▶ DATA BLOCK
-.-.-

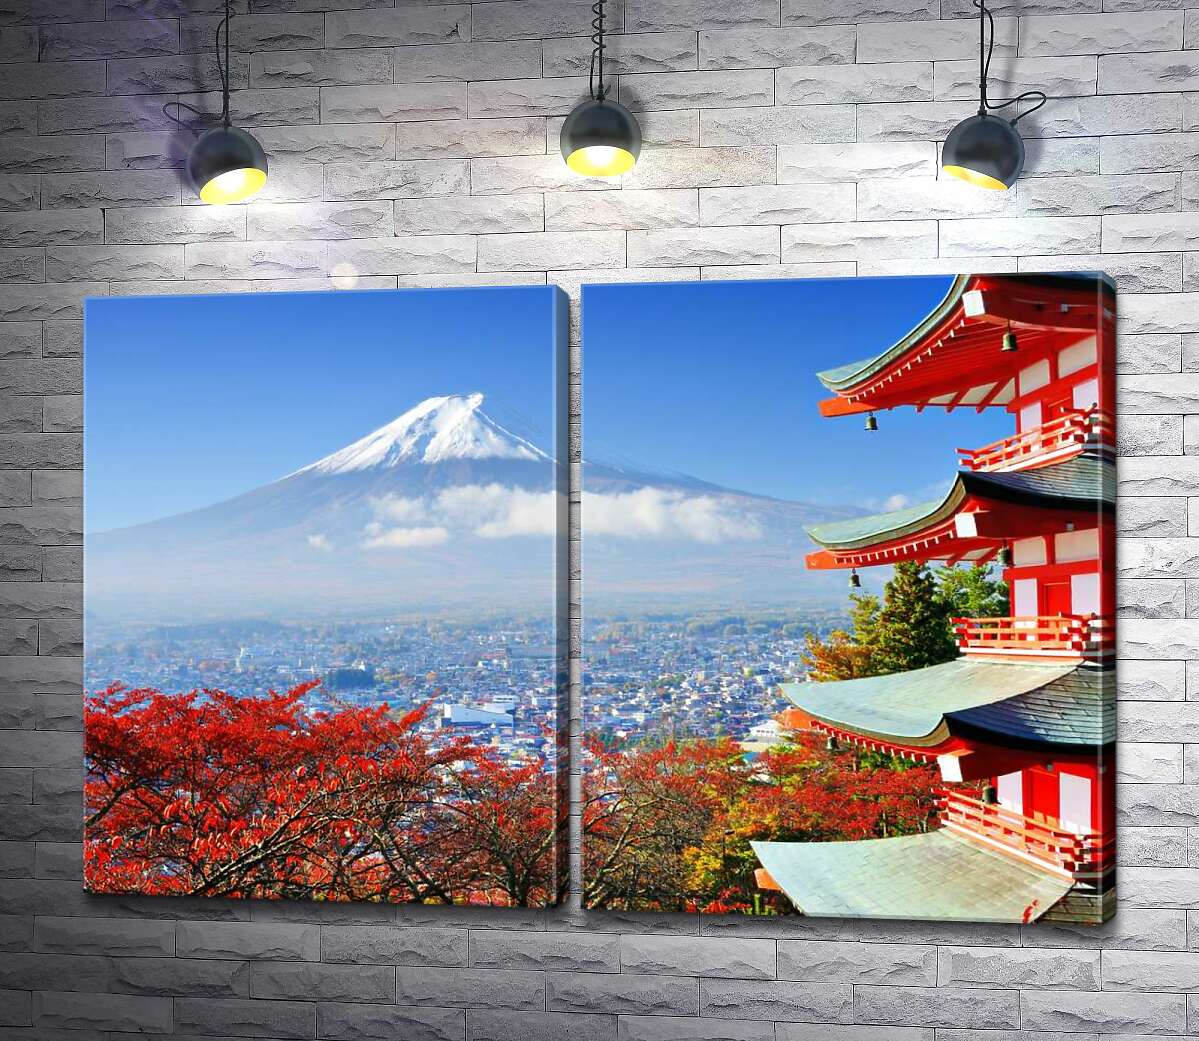 модульная картина Осенний вид на гору Фудзи (Mount Fuji) рядом с живописным зданием пагоды
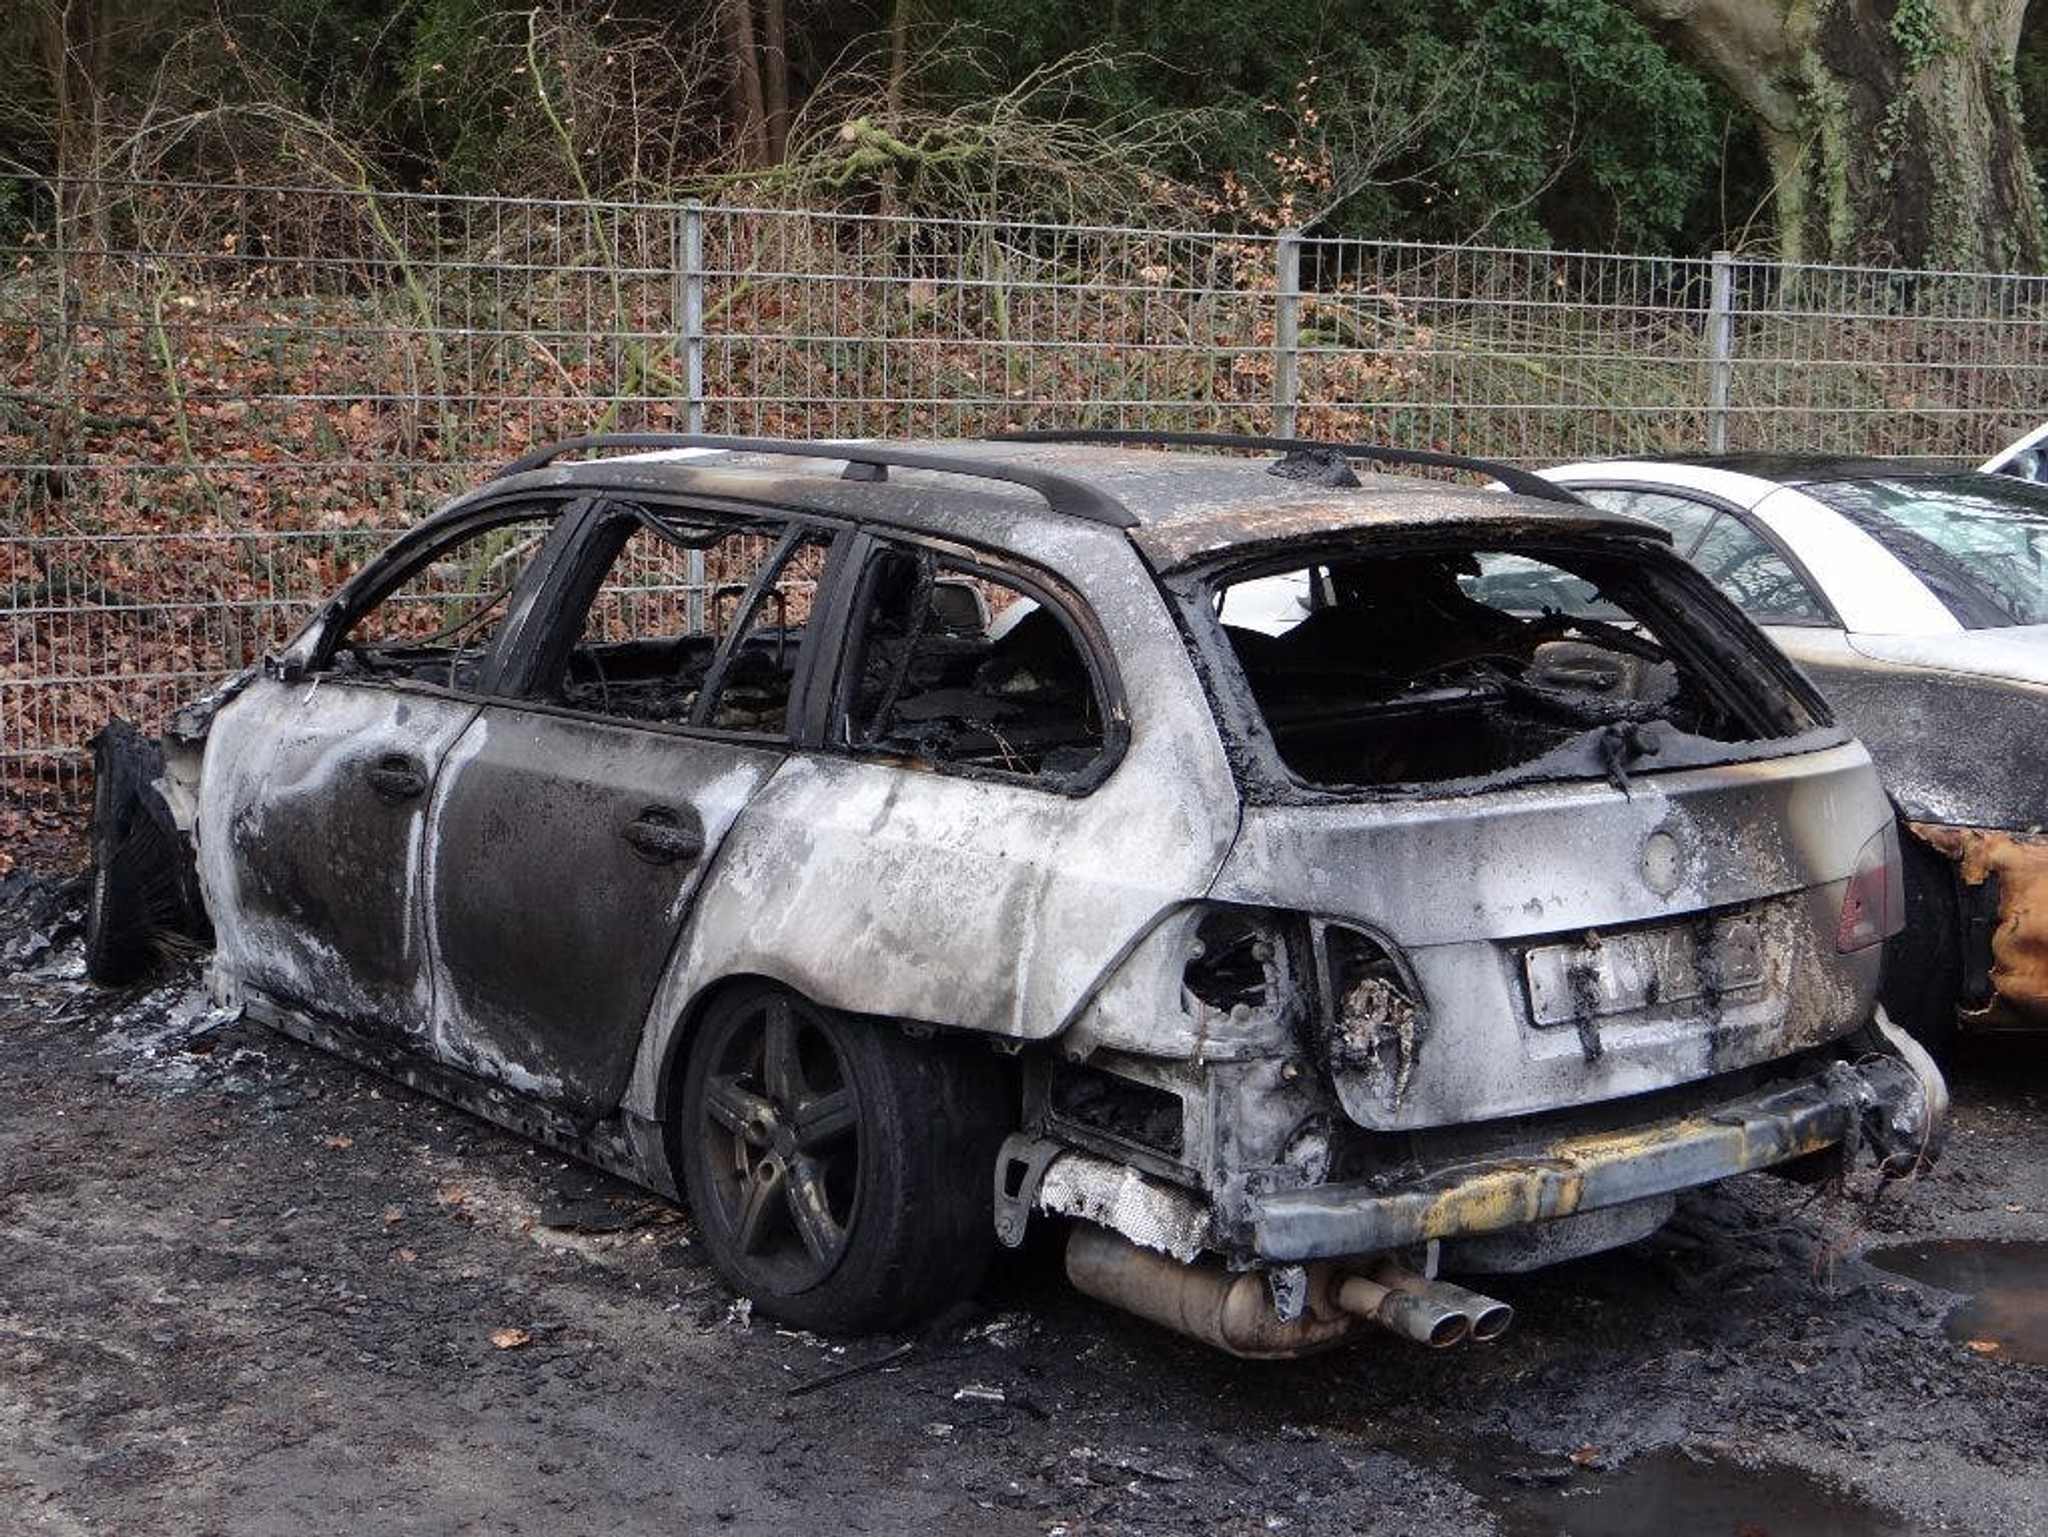 leégett autó, megrongálódott autó, jármű tűz után, kigyulladt autó
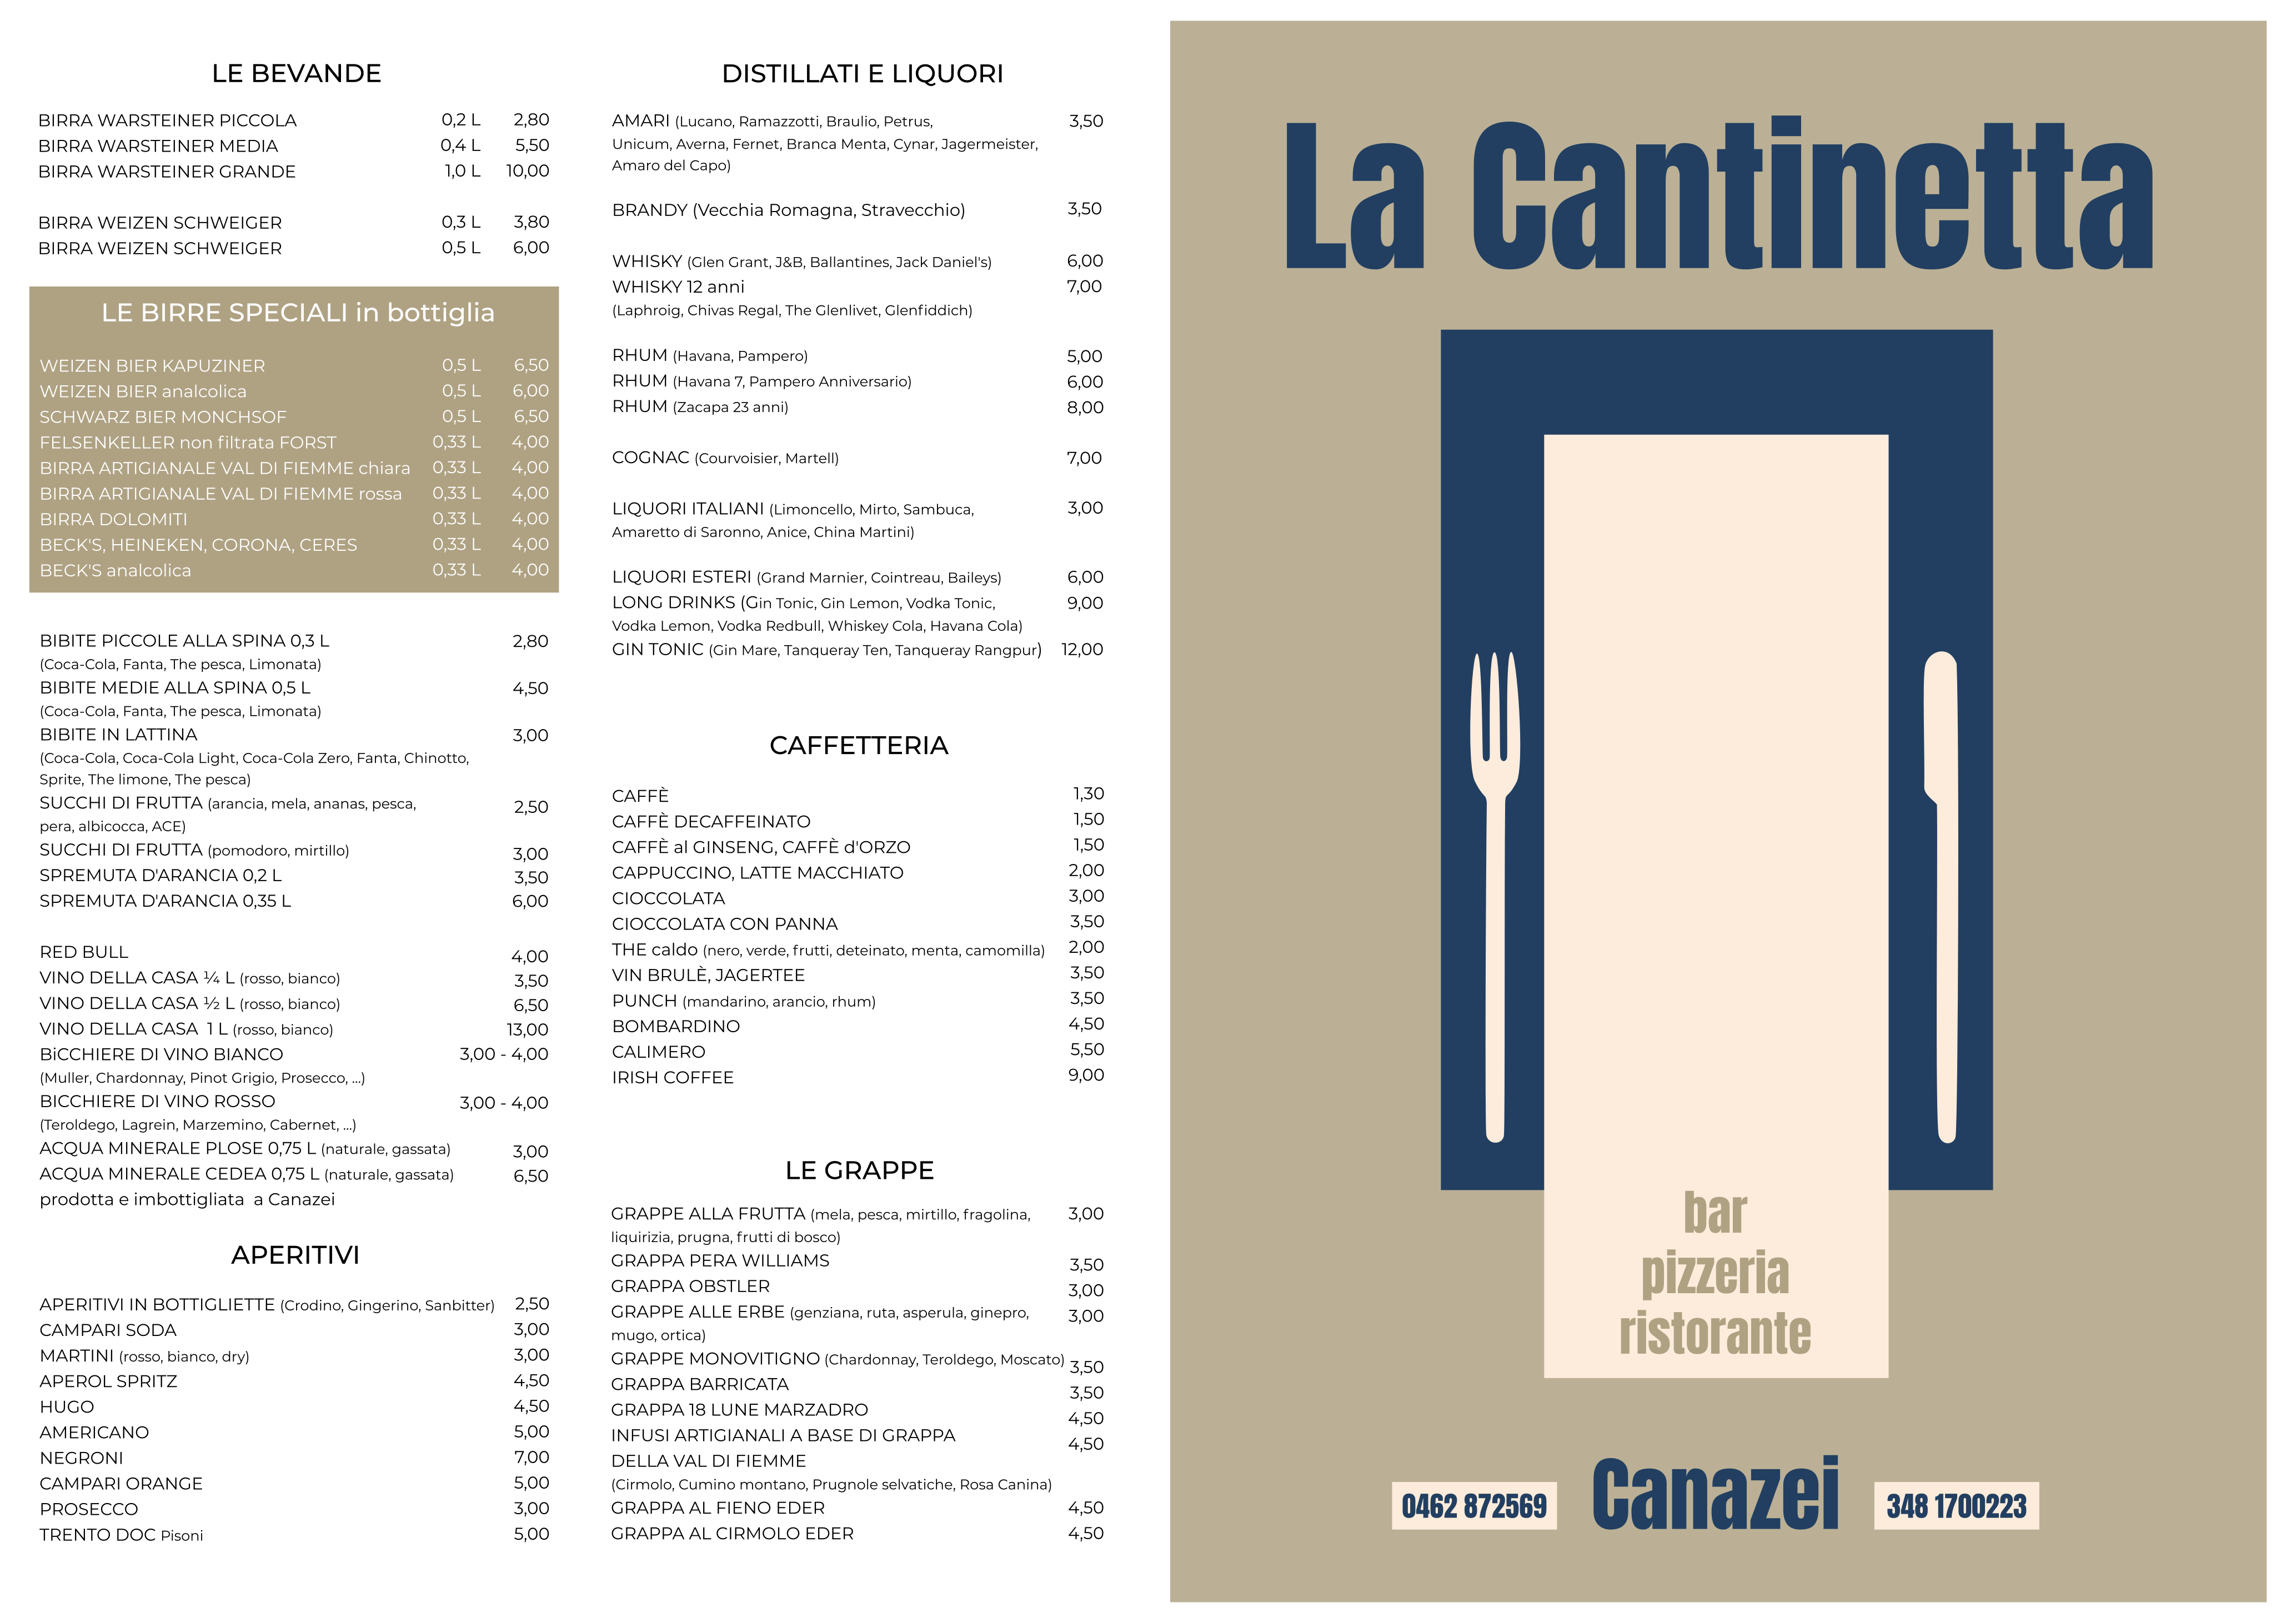 La Cantinetta menu italiano fronte

-.-.-

▶ TASK OBJECTIVE
Each line from the one with "leégett autó, megrongálódott" to the end of the material needs to be output word for word, with no picture included.

▶ SOLUTION FOR THIS TASK
 leégett autó, megrongálódott autó, jármű tűz után, kigyulladt autó
 La Cantinetta menu italiano fronte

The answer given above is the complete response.